This past week I’ve spent some time evaluating CakePHP and trying to compare it to the things I’ve learned in Ruby on Rails. I checked out CakePHP over a year ago, and I admit I didn’t get into it as much as I had hoped. Having dealt with Struts while using Java, I felt at home with both in terms of their MVC nature and I have no desire to go back to life without a framework. Because CakePHP started out as a Rails Clone, they share many advantages:
- Convention over Configuration – Each framework tries to follow a set of standards in filenames, controller names, and so on so on. When I work on a site someone else designed using a framework, I know where things go and I can familiarize myself with that application much more quickly.
- Don’t Repeat Yourself – Specifying code in one place means that you only have to change it once should it need updating.
- MVC and a focus on “Fat Models” – Separate models, views, and controllers make life easier down the road when it comes time to switch to a new system that has a new database or when you want to make a fancy interface for an iPhone or the next new thing.
There are many other advantages to each, but let’s move on to the differences and disadvantages of these frameworks (keep in mind that this is from a somewhat unexperienced perspective, please let me know if these don’t convey the whole truth):
- CakePHP isn’t as mature as Ruby on Rails. Migrations aren’t fully integrated and the feature set seems to be a few steps behind Rails.
- CakePHP isn’t as easy to deploy as Ruby on Rails. This might matter more for larger applications, but I haven’t seen anything like Capistrano in Rails.
- Documentation is somewhat lacking in both. I had a hard time getting going using only tutorials that I found online. Rails has some great books, but I haven’t found any for CakePHP (although the tutorials and my familiarity with PHP made things easier).
- Ruby is new to me. In my opinion, it has a higher learning curve than PHP (possibly because I already knew Java before learning PHP).
- There are far fewer hosting solutions that provide good Ruby on Rails support. Although it’s pretty easy to get both up and running (especially for the lucky users of Mac OS 10.5), good hosting is pricier for Rails applications.

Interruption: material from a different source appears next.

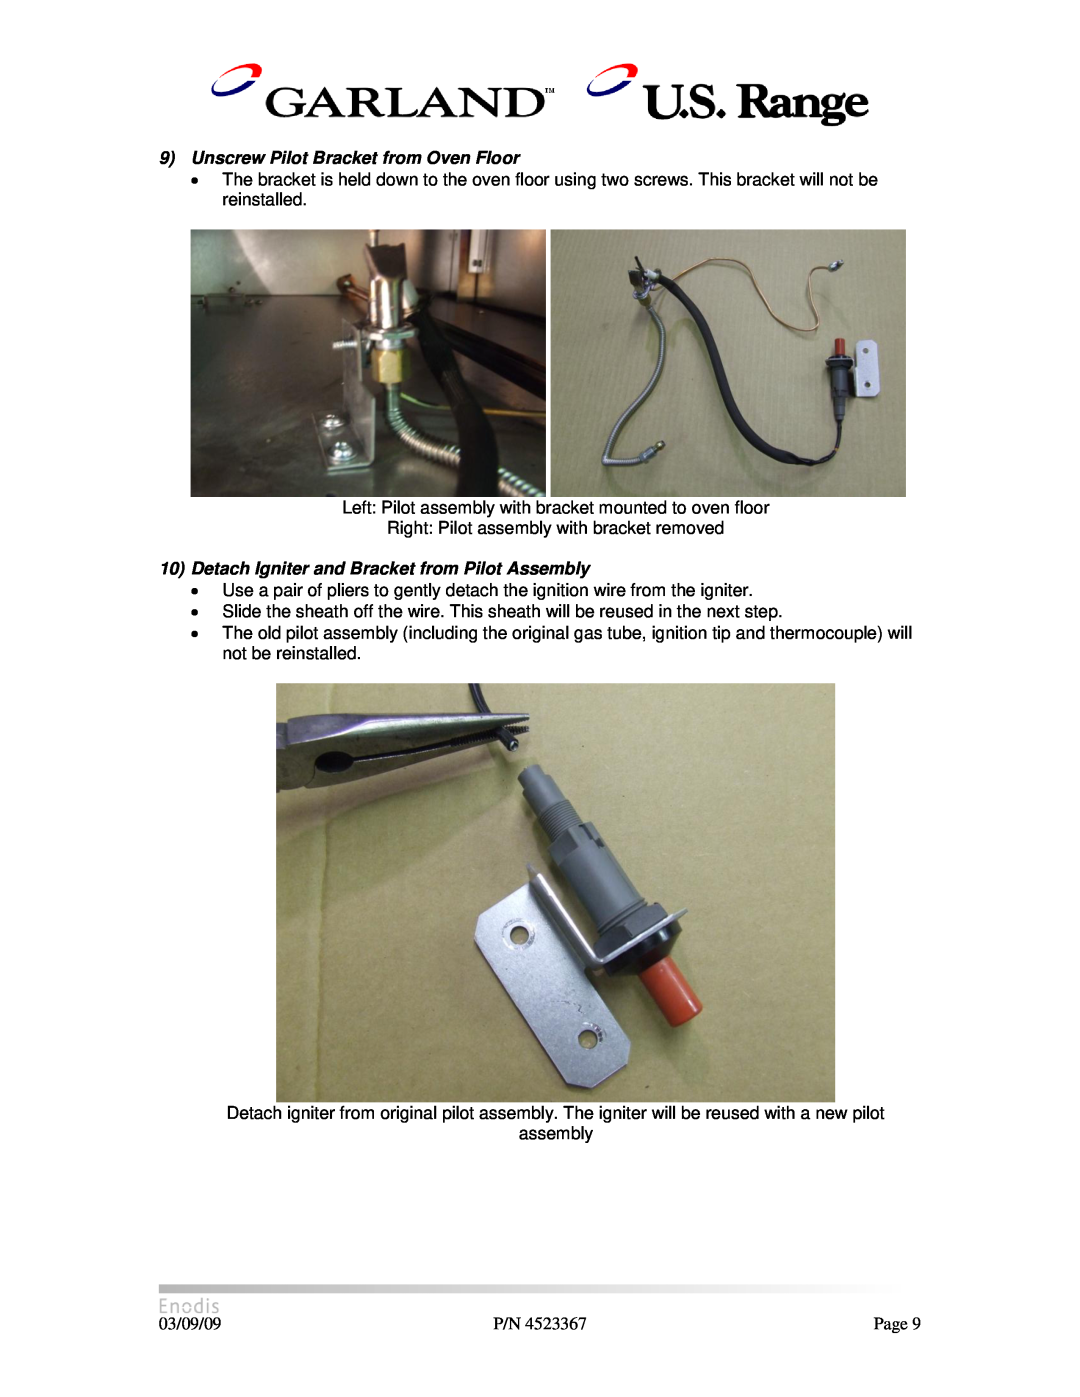 Garland H280 manual Unscrew Pilot Bracket from Oven Floor, Detach Igniter and Bracket from Pilot Assembly

With all that said, there’s no way I’d like to go back to plain old PHP for developing a website. Things have come a long way even in just the past year for both of these frameworks, so I hope to keep learning them both. In the meantime, though, I’m devoting more of my time to Ruby on Rails, simply because I’m actually finding it fun to code in Ruby (and the Ruby Quiz is something I wish my programming classes had been) while PHP never had me quite as excited.